- Battle of Kabletown: Part of American Civil War
| Date | November 18, 1864 |
| Location | Kabletown, West Virginia39°12′59″N 77°51′25″W﻿ / ﻿39.21639°N 77.85694°W |
| Result | Confederate victory |

Belligerents
- United States: Confederacy

Commanders and leaders
- Richard R. Blazer: John S. Mosby

Strength
- Blazer's Scouts: 43rd Battalion Virginia Cavalry

Casualties and losses
- 27: unknown

= Battle of Kabletown =

Battle of the American Civil War

The Battle of Kabletown took place between Confederate and Union forces near the end of the American Civil War.
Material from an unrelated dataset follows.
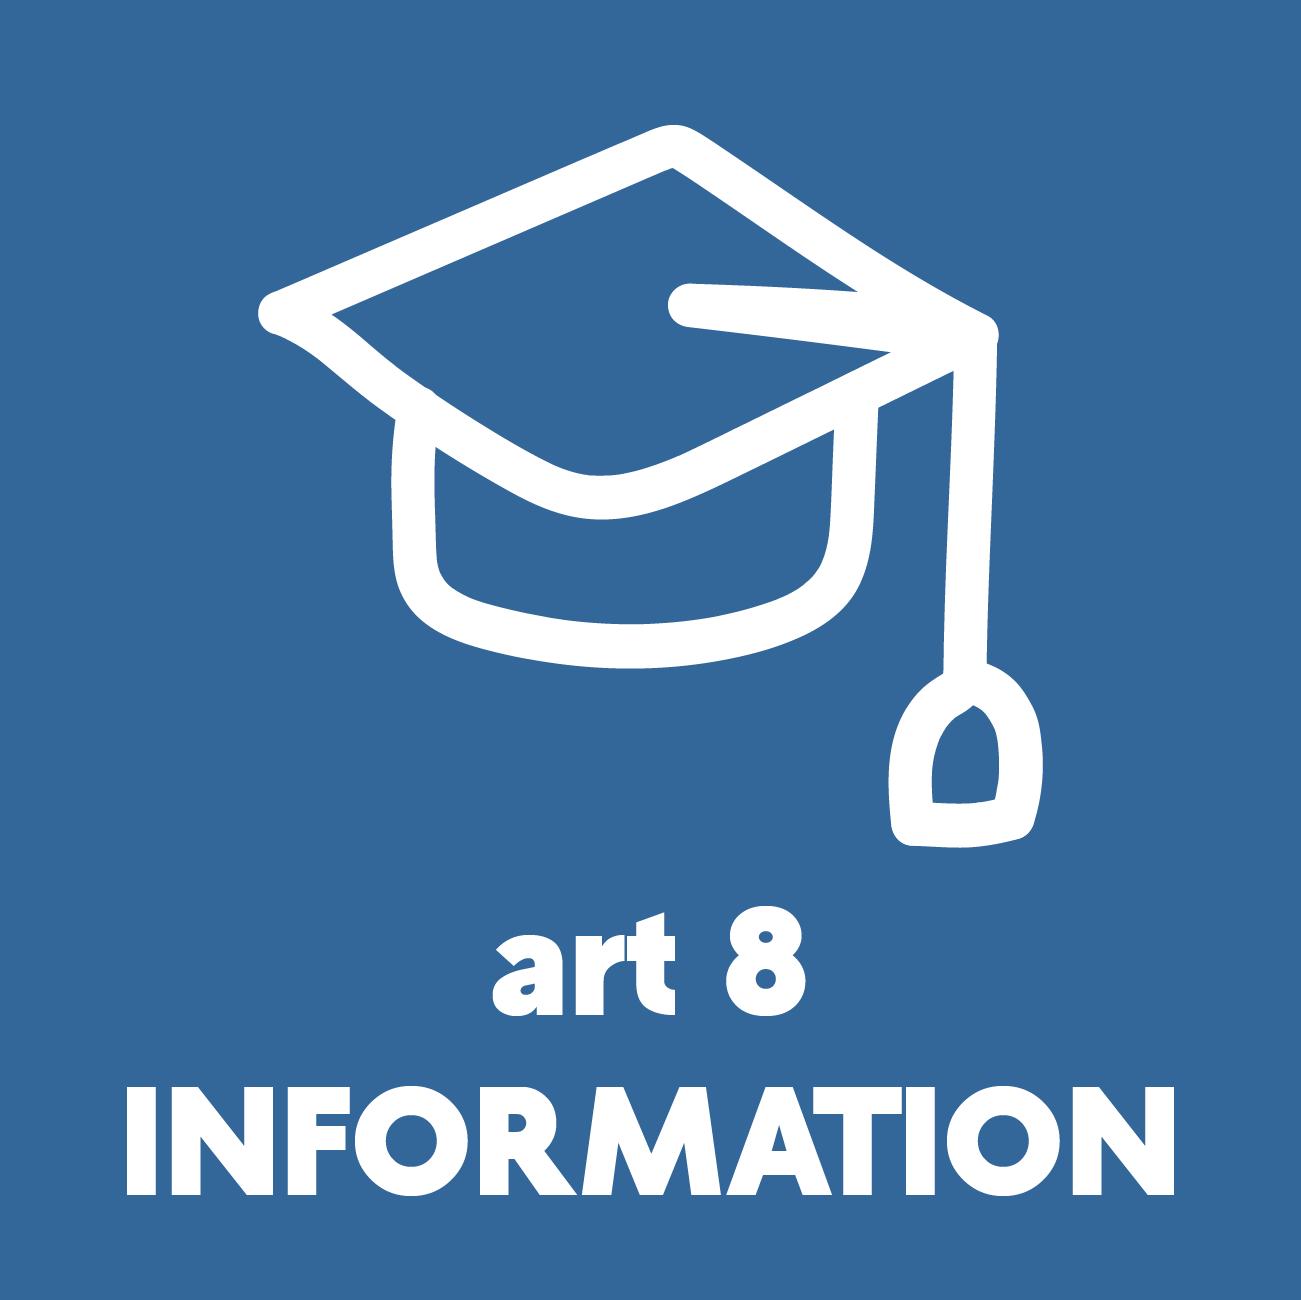 Art 08 information

Captain John S. Mosby, with nine companies of cavalry, defeated Captain Richard R. Blazer's outnumbered Blazer's Scouts.

== Background ==
In late 1864, General Ulysses S. Grant's Overland Campaign came to a close. He had laid siege to Petersburg. Captain Blazer's Scouts, a Union company, had already raided the city of Lynchburg, Virginia in the campaign against Richmond. Captain John S. Mosby of the Confederates decided to stop these raids against Virginia by bringing them to battle. On November 18, 1864, the forces met at Kabletown, West Virginia.

== Battle ==
Mosby had nine companies, the 43rd Battalion Virginia Cavalry, to Captain Richard R. Blazer's one. Mosby was able to defeat Blazer's Scouts due to superior numbers, inflicting 27 casualties. Of the entire number in Blazer's company, 65; 22 killed, 13 escaped and five of these were wounded.